TAKİPSİZLİK ALMASINA RAĞMEN OHAL KOMİSYONU GÖREVE İADE ETMEDİ

Kendisinin 15 Temmuz 2016 darbe teşebbüsünün hemen ardından çalıştığı kamu kurumundan ihraç edildiğini kaydeden F.A., gözaltına da alındığını, ancak bir yıl boyunca karakola imza vermeye gittiğini anlattı. 

Davadan takipsizlik almasına rağmen başvurduğu Olağanüstü Hâl (OHÂL) Komisyonu’ndan red aldığını belirten F.A., “Takipsizlikten sonra komisyonun cevabı şu oldu: ‘Her ne kadar mahkeme sizi aklasa bile şahitlerin verdiği ifadelerle bizde sizin ‘f.töc.’ olduğunuz kanaatini uyandırdı. Biz sizi göreve döndüremiyoruz’."

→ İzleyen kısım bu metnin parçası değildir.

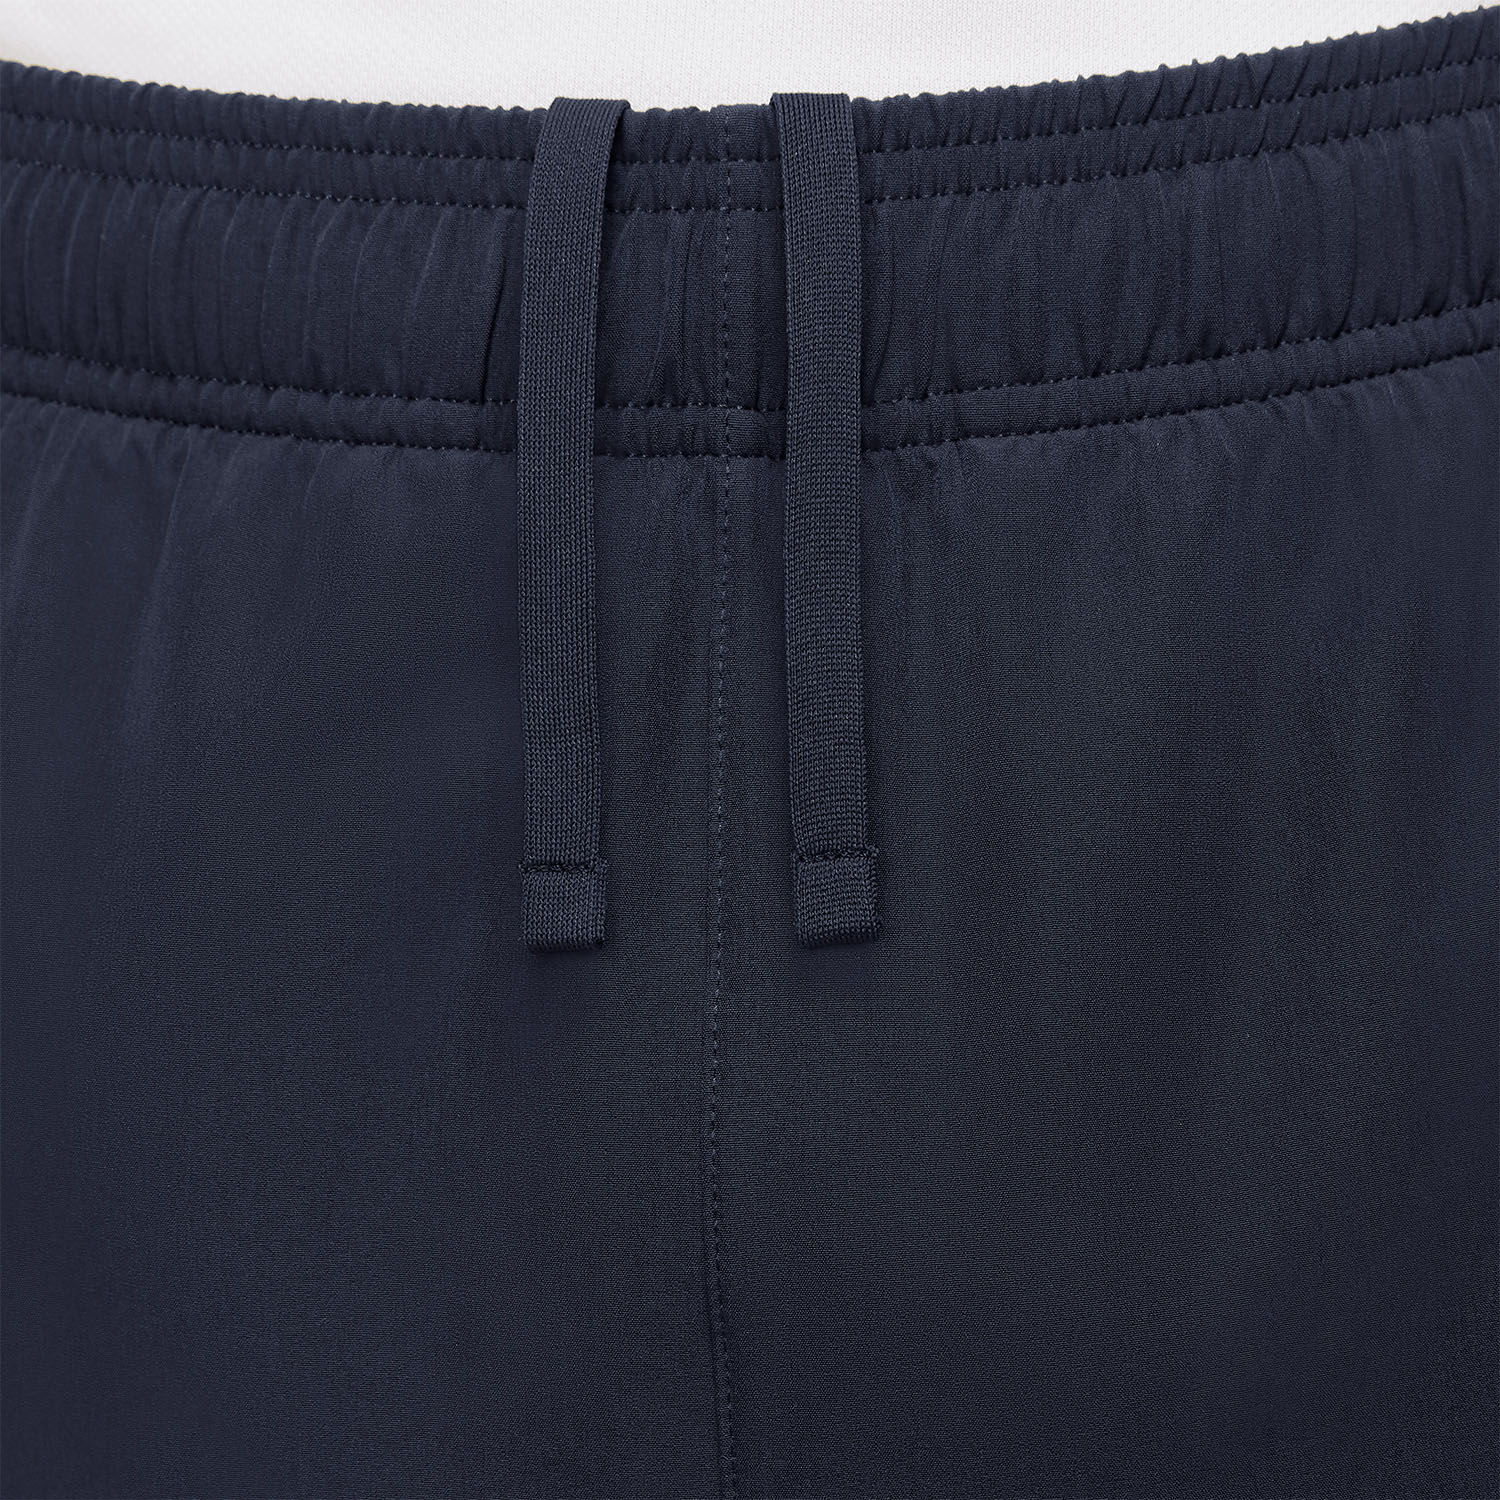 Nike Court Advantage Pantalones - Obsidian/White

“ÜLKEMİZİ SEVİYORUZ AMA SEVGİMİZİ ANLAMIYORLAR”

Çevresinden dışlandığını, iş bulmakta zorlandığını kaydeden F.A., “Şu anda baskı altında olsa bile dışarıda yaşıyoruz. Her ne kadar yaşayışımız açık cezaevi gibi olsa da. İş yok, iş vermiyorlar. Tanıdığımız insanlar selam vermiyor.” dedi. 

Anlaşılmadıklarını kaydeden baba F.A., “Türkiye’de yaşamak zor. Ülkemizi seviyoruz, fakat sevgimizi anlamıyorlar. Biz herkese eşit davranıyoruz, seviyoruz ama anlaşılmıyor.” diyerek hayal kırıklığını anlattı.